Exercise:
For the material below, the expected output is exactly the lines between the line holding "NFL Baltimore Ravens" and the line holding "Кальцивироз у кошек: симптомы", inclusive, with pictures left out.
BEGIN Provided records
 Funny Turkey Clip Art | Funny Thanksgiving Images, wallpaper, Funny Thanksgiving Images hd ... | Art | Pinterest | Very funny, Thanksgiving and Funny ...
END Provided records
BEGIN Provided records
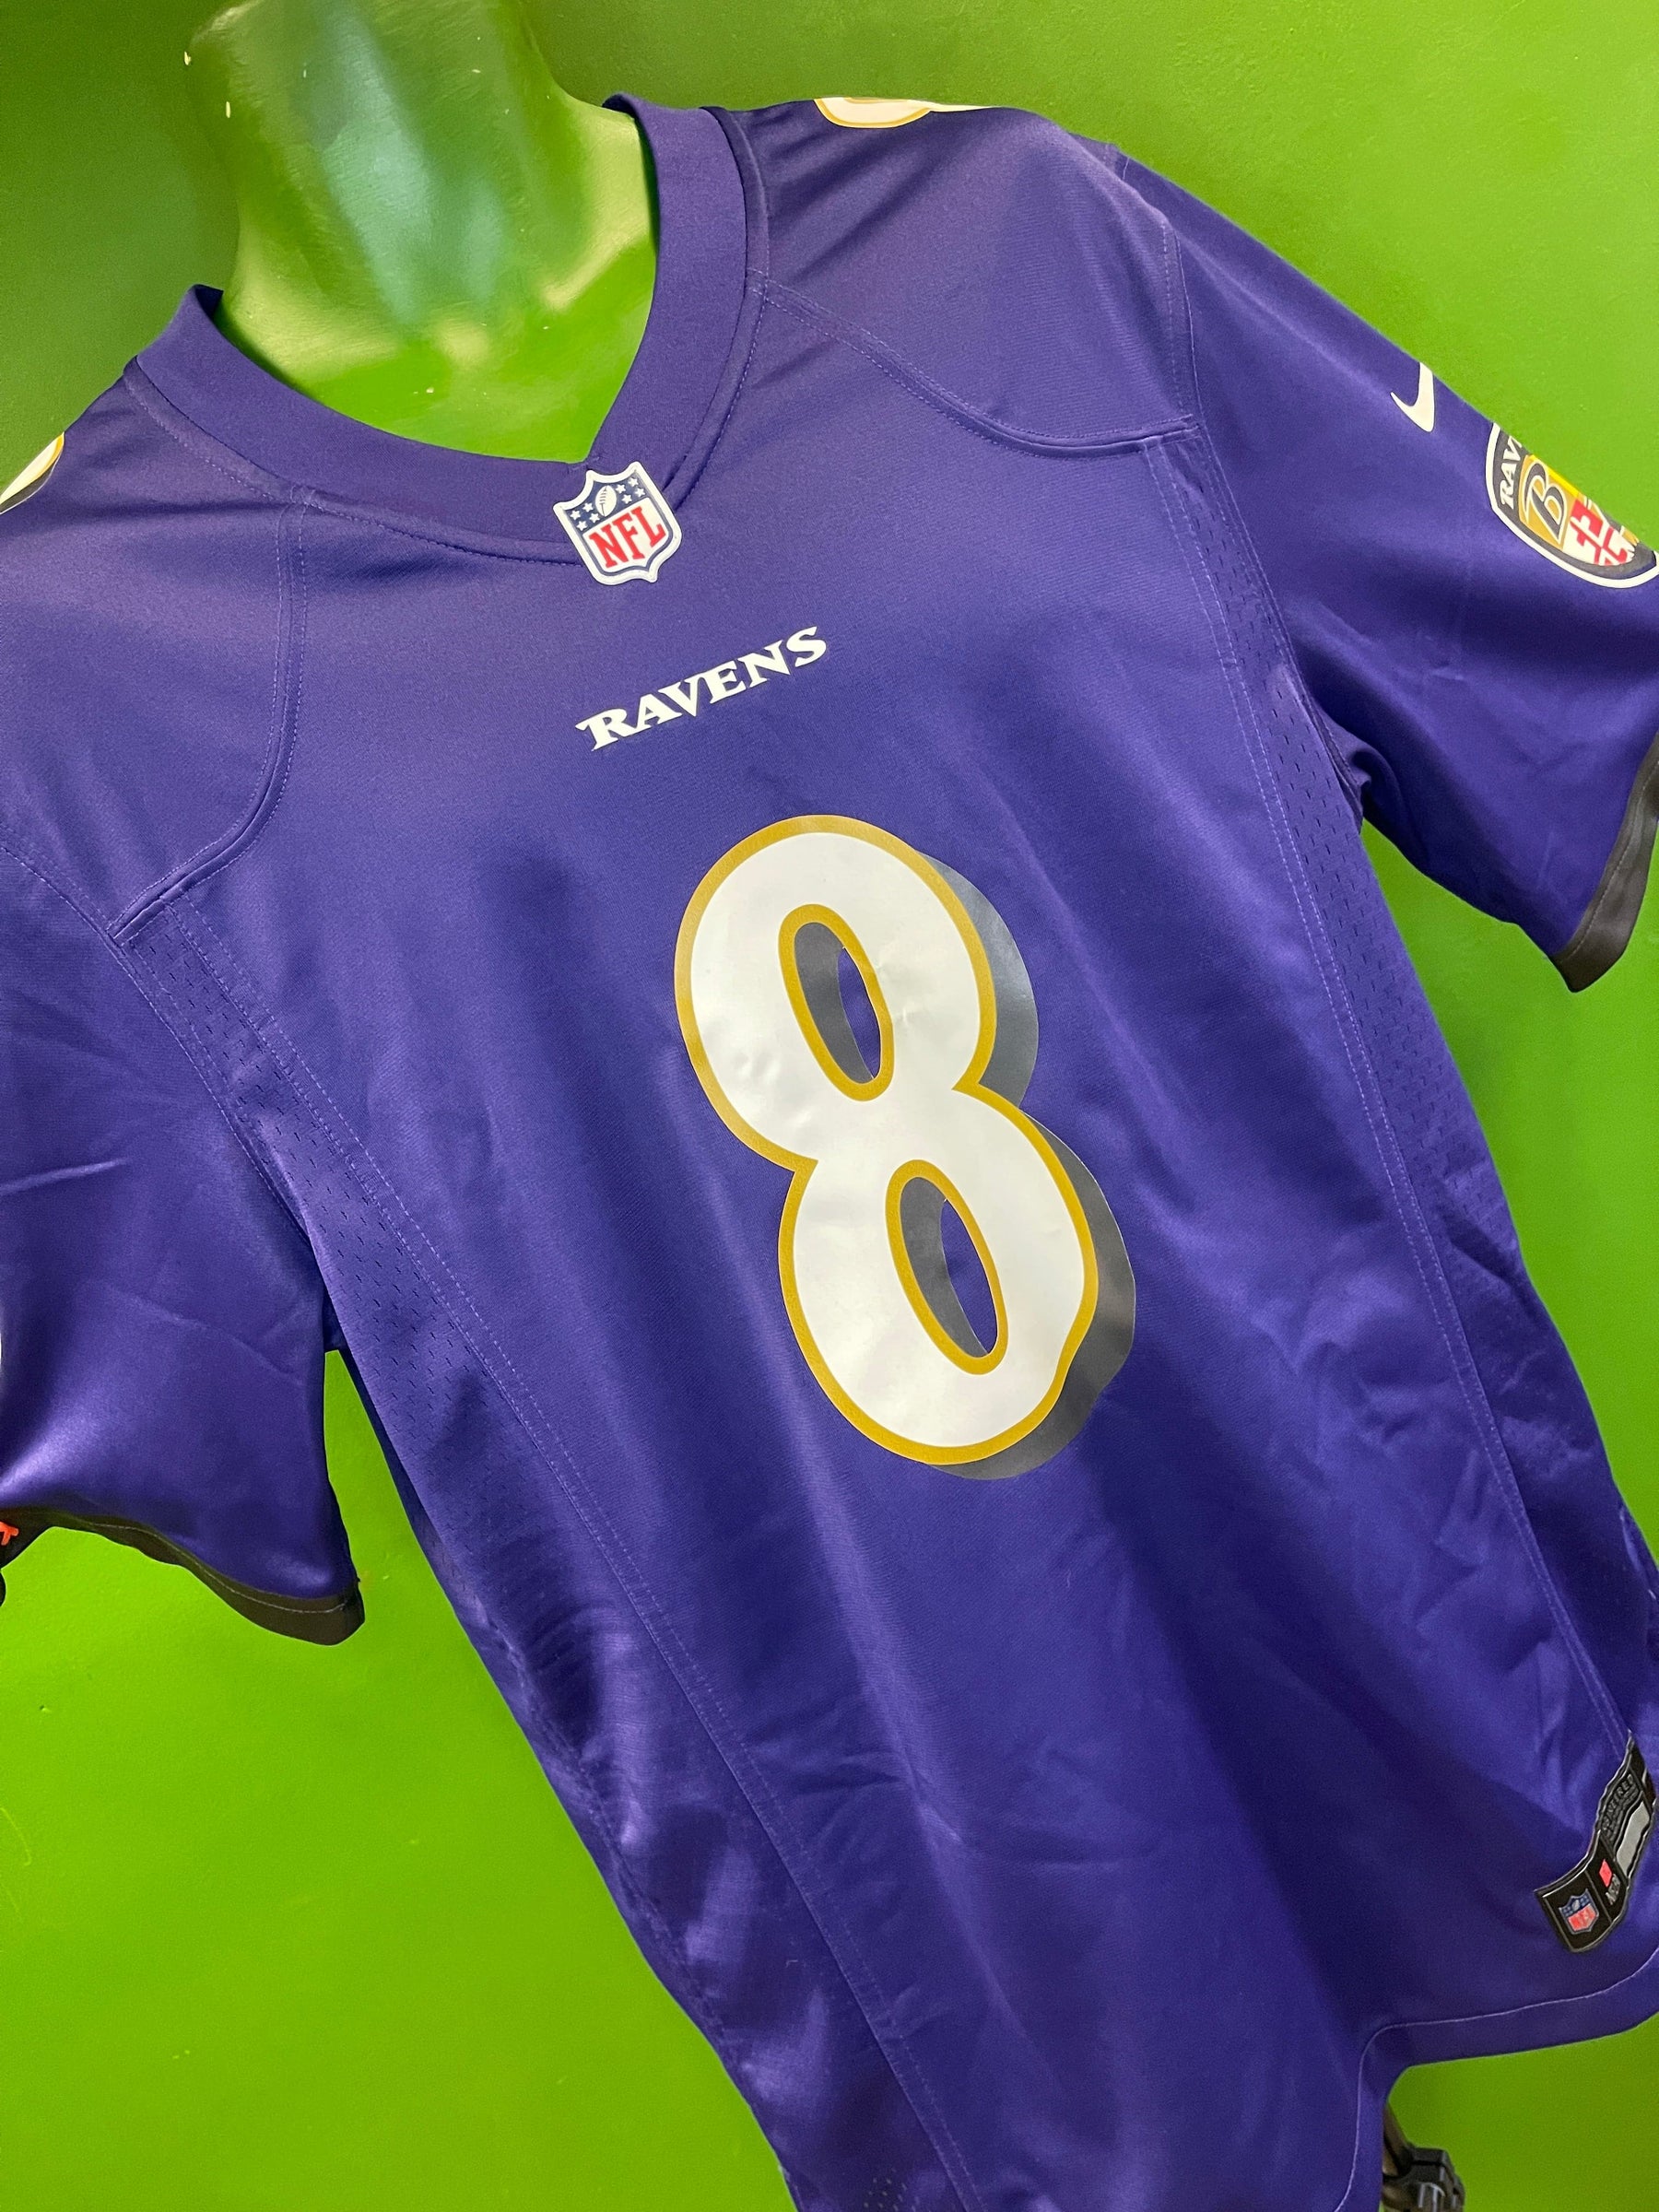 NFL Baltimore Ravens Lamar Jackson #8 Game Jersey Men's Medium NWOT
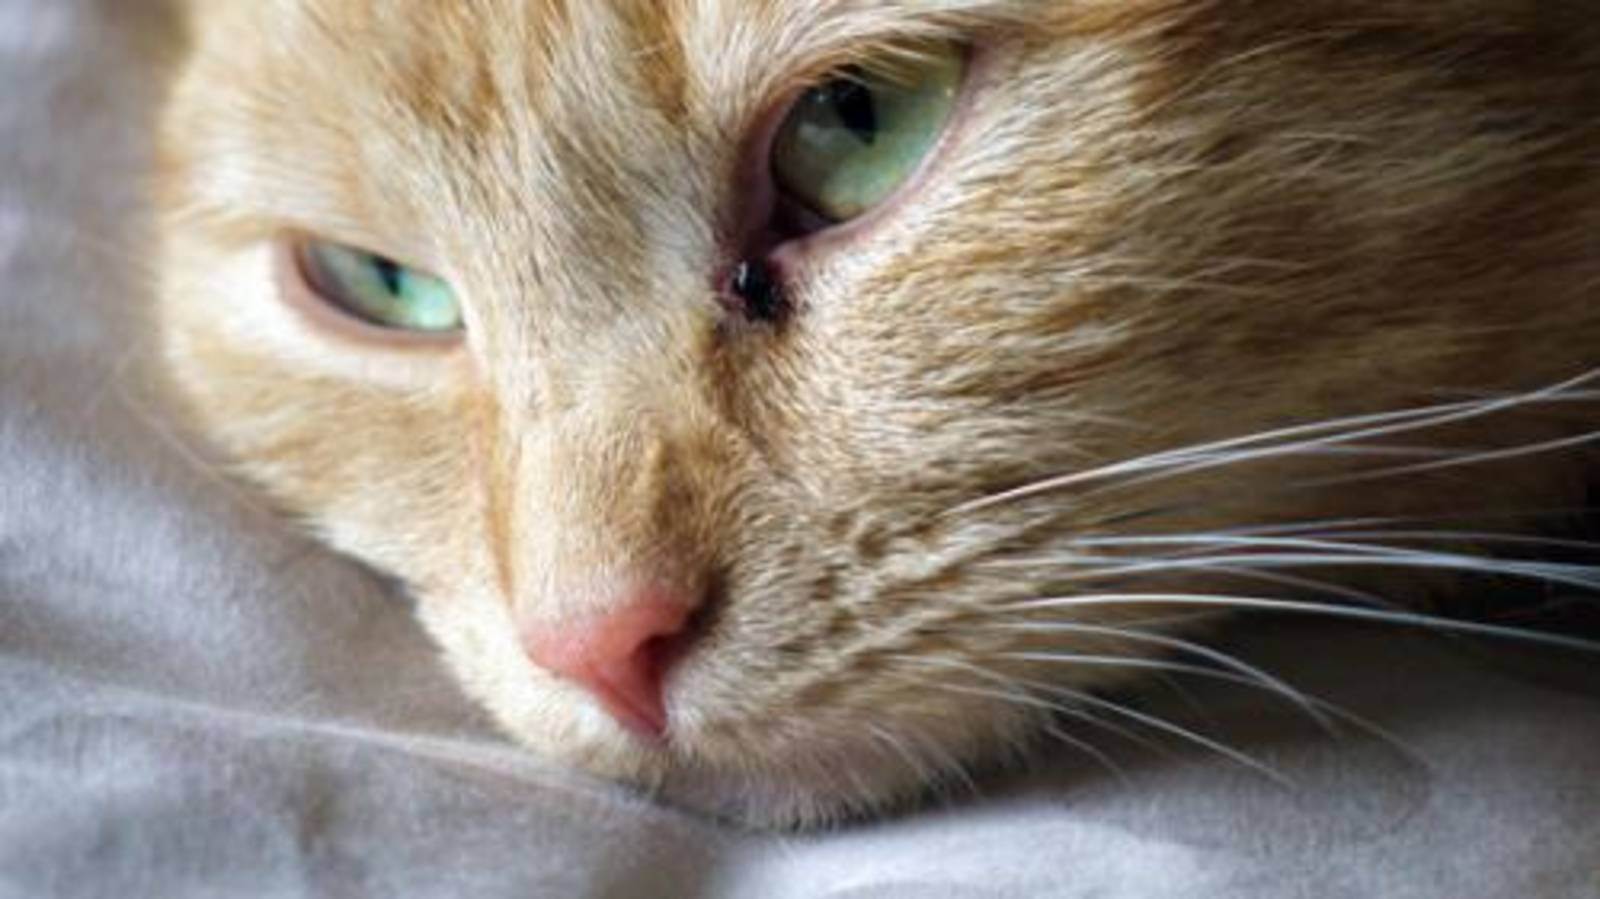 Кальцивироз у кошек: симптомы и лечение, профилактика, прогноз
END Provided records
BEGIN Provided records
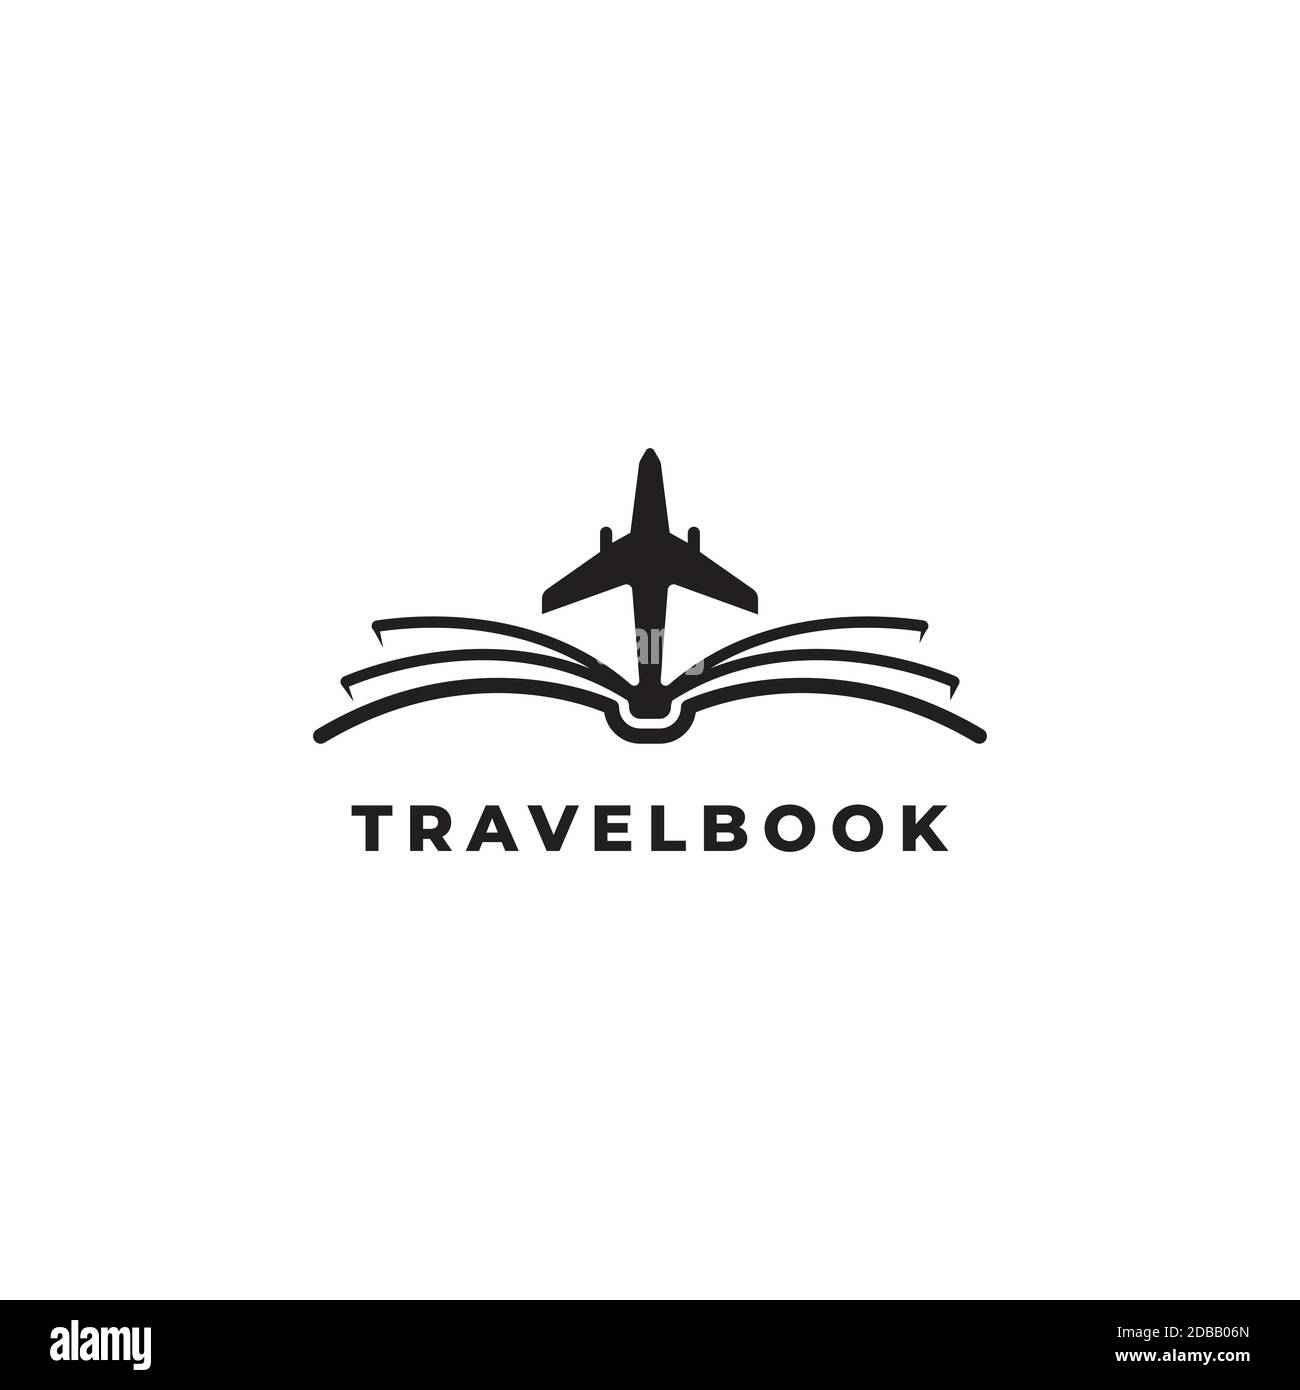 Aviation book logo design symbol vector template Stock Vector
END Provided records
Problem solution:
 NFL Baltimore Ravens Lamar Jackson #8 Game Jersey Men's Medium NWOT
 Кальцивироз у кошек: симптомы и лечение, профилактика, прогноз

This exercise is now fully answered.